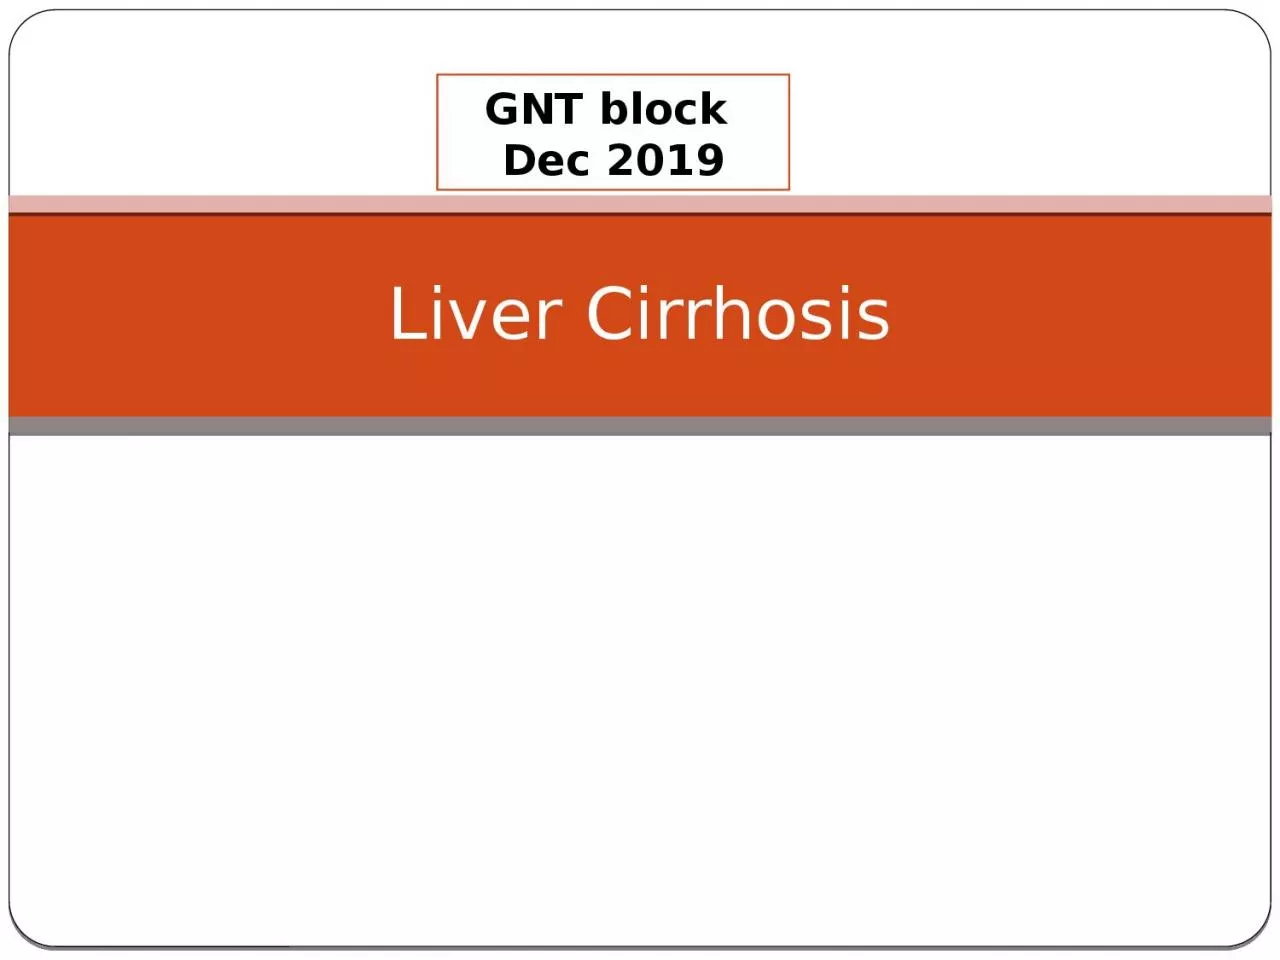 Liver Cirrhosis GNT block
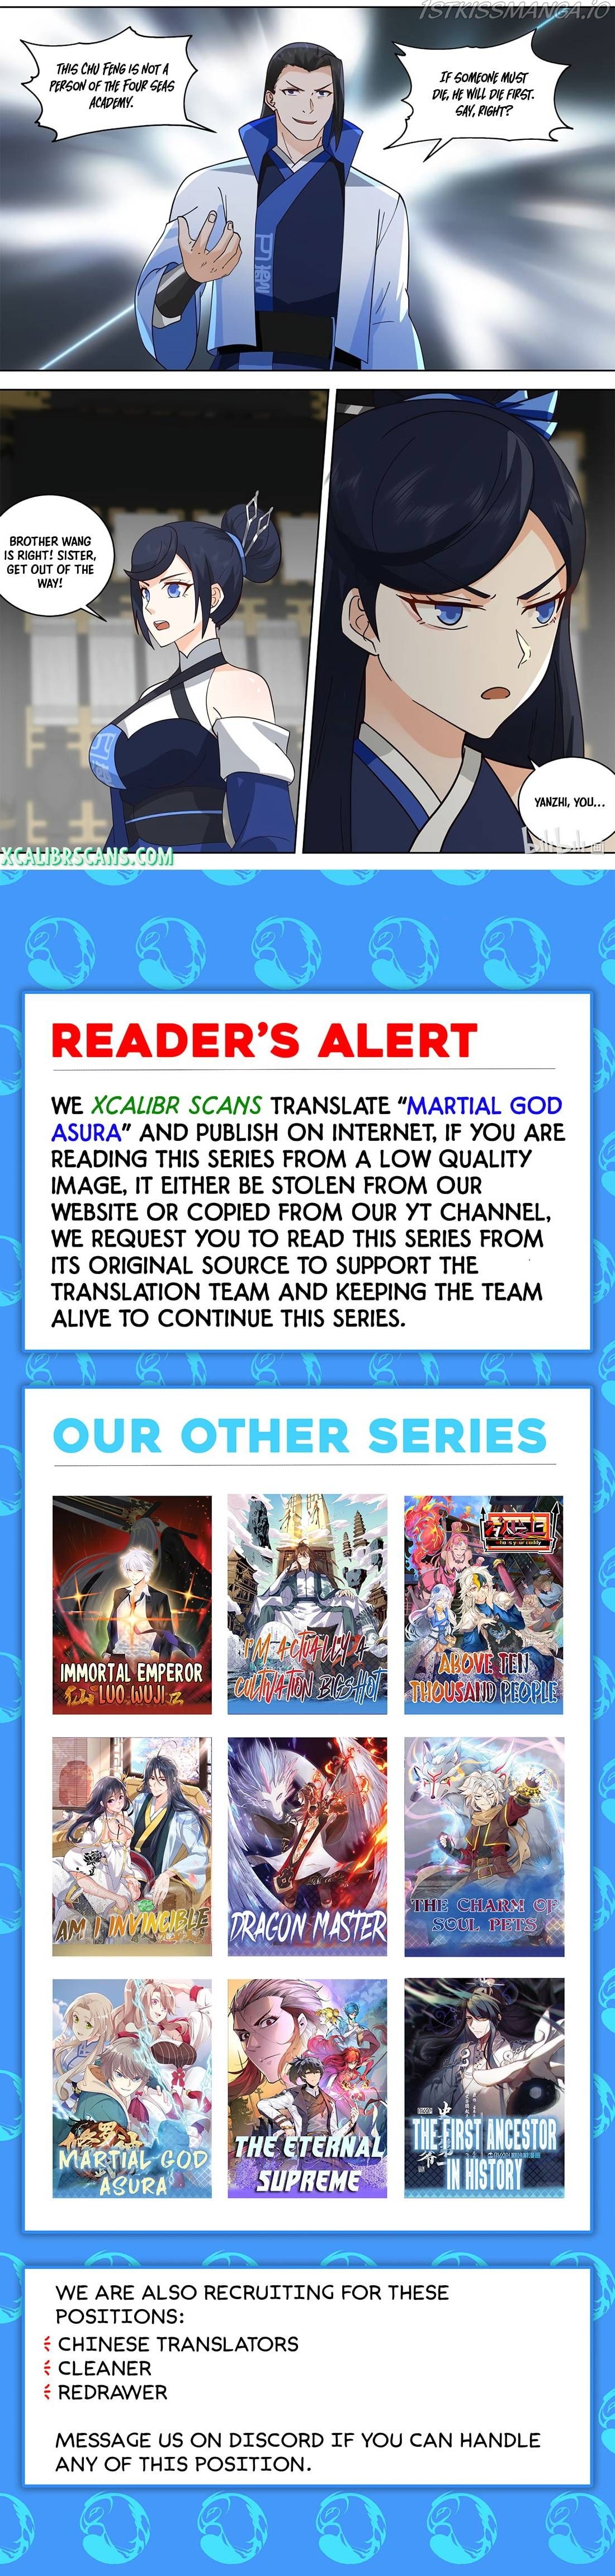 Martial God Asura Chapter 502 - Page 9
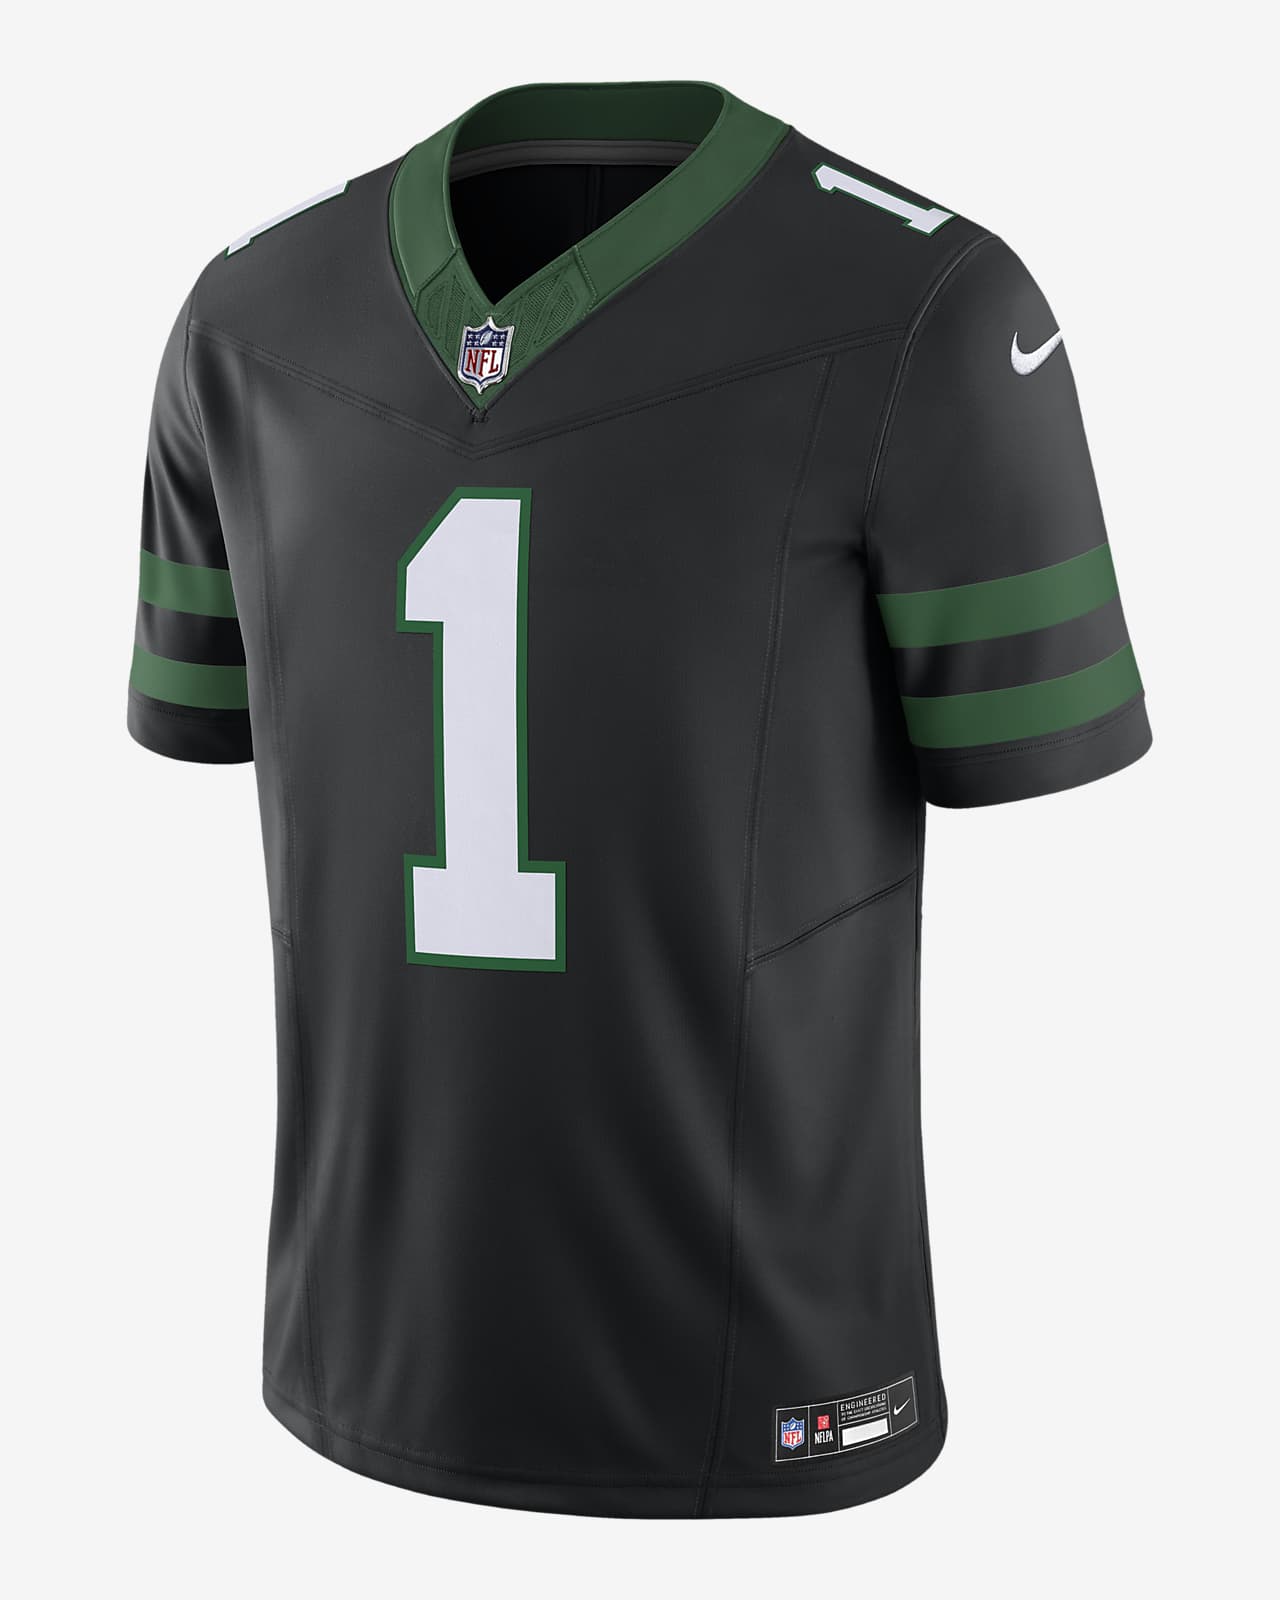 Jersey de fútbol americano Nike Dri-FIT de la NFL Limited para hombre Sauce Gardner New York Jets

* * * * * * * * *

- **Work order**:
Reproduce all lines above exactly. Leave the images out.

- **Reply to the exercise**:
 Liver Cirrhosis GNT block
 Martial God Asura Chapter 502 - Page 9
 Jersey de fútbol americano Nike Dri-FIT de la NFL Limited para hombre Sauce Gardner New York Jets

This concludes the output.